Department of Pediatrics and Neonatology, Nagoya City University Graduate School of Medical Sciences, Nagoya, Japan.
Department of Comparative and Experimental Medicine, Nagoya City University Graduate School of Medical Sciences, Nagoya, Japan.
PLoS One. 2020 Aug 17;15(8):e0237814. doi: 10.1371/journal.pone.0237814. eCollection 2020.
Schaaf-Yang syndrome (SYS) is a neurodevelopmental disorder caused by truncating variants in the paternal allele of MAGEL2, located in the Prader-Willi critical region, 15q11-q13. Although the phenotypes of SYS overlap those of Prader-Willi syndrome (PWS), including neonatal hypotonia, feeding problems, and developmental delay/intellectual disability, SYS patients show autism spectrum disorder and joint contractures, which are atypical phenotypes for PWS. Therefore, we hypothesized that the truncated Magel2 protein could potentially produce gain-of-function toxic effects. To test the hypothesis, we generated two engineered mouse models; one, an overexpression model that expressed the N-terminal region of Magel2 that was FLAG tagged with a strong ubiquitous promoter, and another, a genome-edited model that carried a truncating variant in Magel2 generated using the CRISPR/Cas9 system. In the overexpression model, all transgenic mice died in the fetal or neonatal period indicating embryonic or neonatal lethality of the transgene. Therefore, overexpression of the truncated Magel2 could show toxic effects. In the genome-edited model, we generated a mouse model carrying a frameshift variant (c.1690_1924del; p(Glu564Serfs*130)) in Magel2. Model mice carrying the frameshift variant in the paternal or maternal allele of Magel2 were termed Magel2P:fs and Magel2M:fs, respectively. The imprinted expression and spatial distribution of truncating Magel2 transcripts in the brain were maintained. Although neonatal Magel2P:fs mice were lighter than wildtype littermates, Magel2P:fs males and females weighed the same as their wildtype littermates by eight and four weeks of age, respectively. Collectively, the overexpression mouse model may recapitulate fetal or neonatal death, which are the severest phenotypes for SYS. In contrast, the genome-edited mouse model maintains genomic imprinting and distribution of truncated Magel2 transcripts in the brain, but only partially recapitulates SYS phenotypes. Therefore, our results imply that simple gain-of-function toxic effects may not explain the patho-mechanism of SYS, but rather suggest a range of effects due to Magel2 variants as in human SYS patients.

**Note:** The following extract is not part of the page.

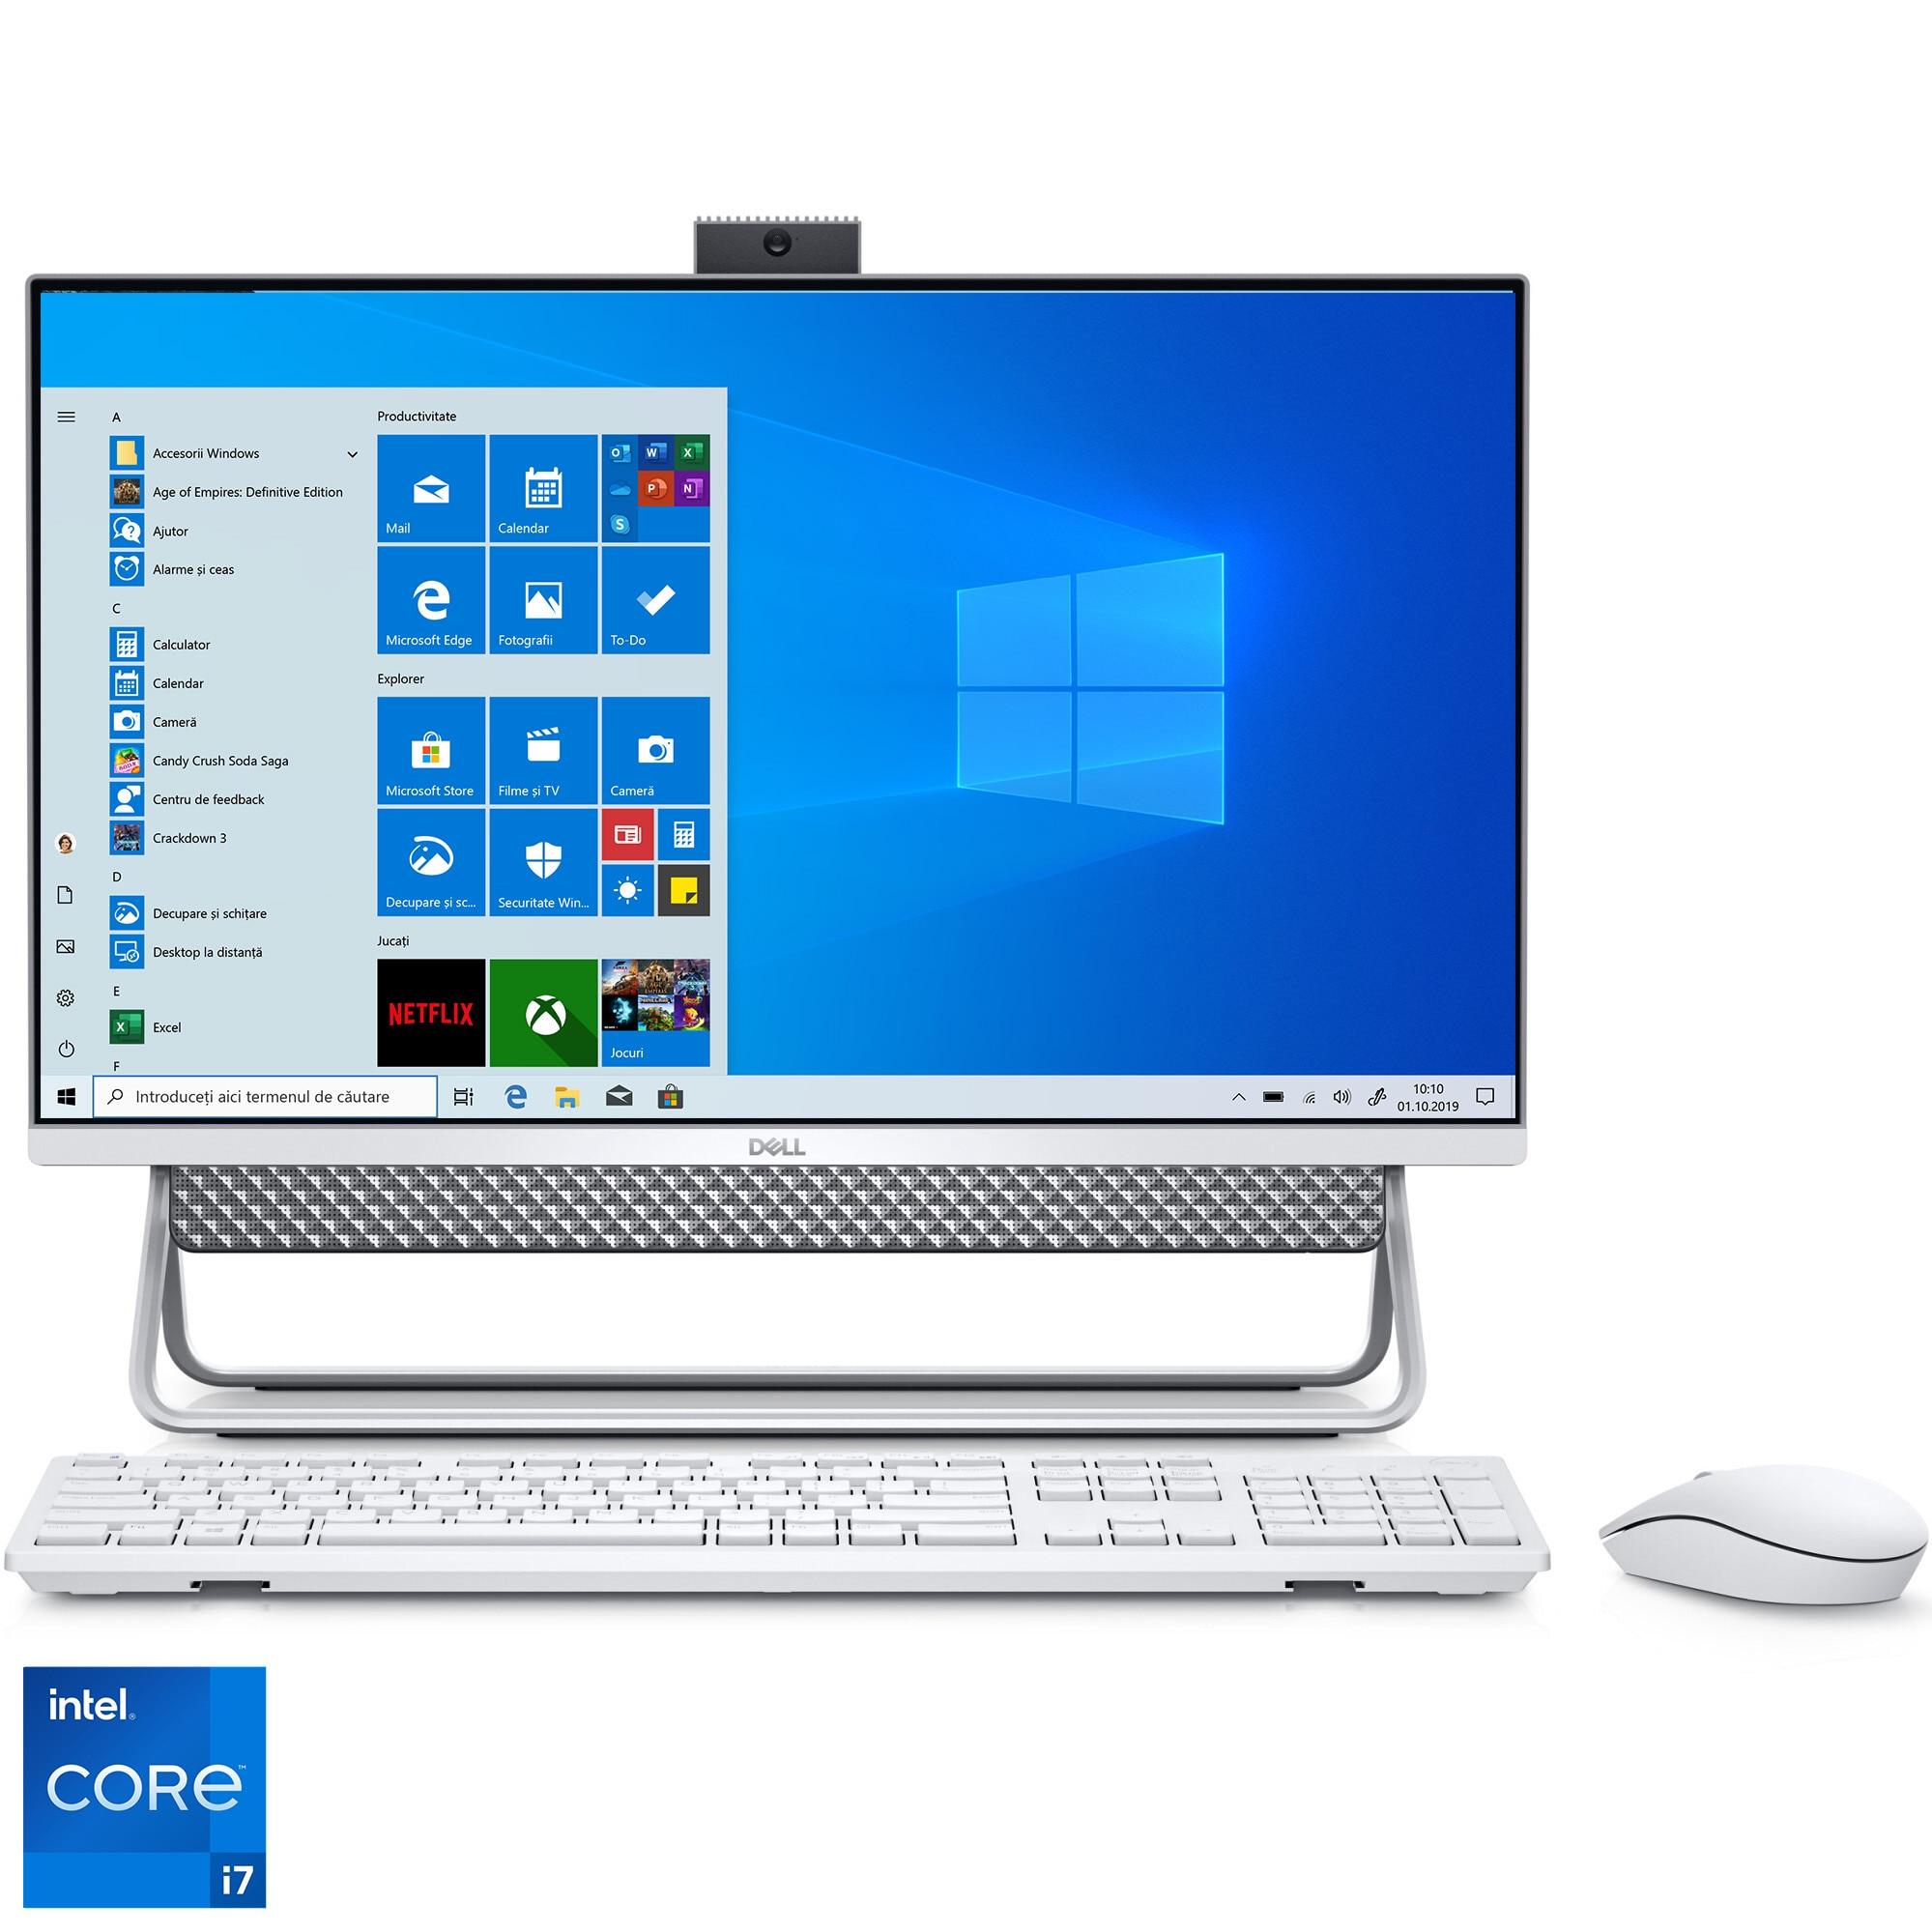 """Fotografie Sistem All-In-One Dell Inspiron 7700 cu procesor Intel® Core™ i7-1165G7 pana la 4.70 GHz, Tiger Lake, 27"""", Full HD, 16GB DDR4, 1TB HDD + 512GB SSD, NVIDIA GeForce MX330 2GB GDDR5, Windows 10 Pro"""

Schaaf-Yang 综合征(SYS)是一种神经发育障碍,由位于 Prader-Willi 关键区域 15q11-q13 的 MAGEL2 父本等位基因截断变异引起。尽管 SYS 的表型与 Prader-Willi 综合征(PWS)重叠,包括新生儿低张力、喂养问题和发育迟缓/智力残疾,但 SYS 患者表现出自闭症谱系障碍和关节挛缩,这是 PWS 的非典型表型。因此,我们假设截断的 Magel2 蛋白可能产生功能获得性毒性作用。为了验证这一假设,我们生成了两种工程小鼠模型;一种是过表达模型,该模型表达了用强泛在启动子标记的 FLAG 标签的 Magel2 的 N 端区域,另一种是基因组编辑模型,该模型使用 CRISPR/Cas9 系统产生了 Magel2 的截断变体。在过表达模型中,所有转基因小鼠都在胎儿或新生儿期死亡,表明转基因的胚胎或新生儿致死性。因此,截断的 Magel2 的过表达可能显示出毒性作用。在基因组编辑模型中,我们生成了一种携带 Magel2 中的移码变异(c.1690_1924del;p(Glu564Serfs*130))的小鼠模型。携带 Magel2 父本或母本等位基因中移码变异的模型小鼠分别称为 Magel2P:fs 和 Magel2M:fs。截断的 Magel2 转录物在大脑中的印记表达和空间分布得以维持。尽管新生的 Magel2P:fs 小鼠比野生型同窝仔轻,但 Magel2P:fs 雄性和雌性在八周和四周龄时的体重与野生型同窝仔相同。总的来说,过表达小鼠模型可能再现 SYS 最严重的表型,即胎儿或新生儿死亡。相比之下,基因组编辑模型维持了大脑中截断的 Magel2 转录物的基因组印记和分布,但仅部分再现了 SYS 表型。因此,我们的结果表明,简单的功能获得性毒性作用可能无法解释 SYS 的发病机制,而是暗示由于人类 SYS 患者中的 Magel2 变异而产生的一系列影响。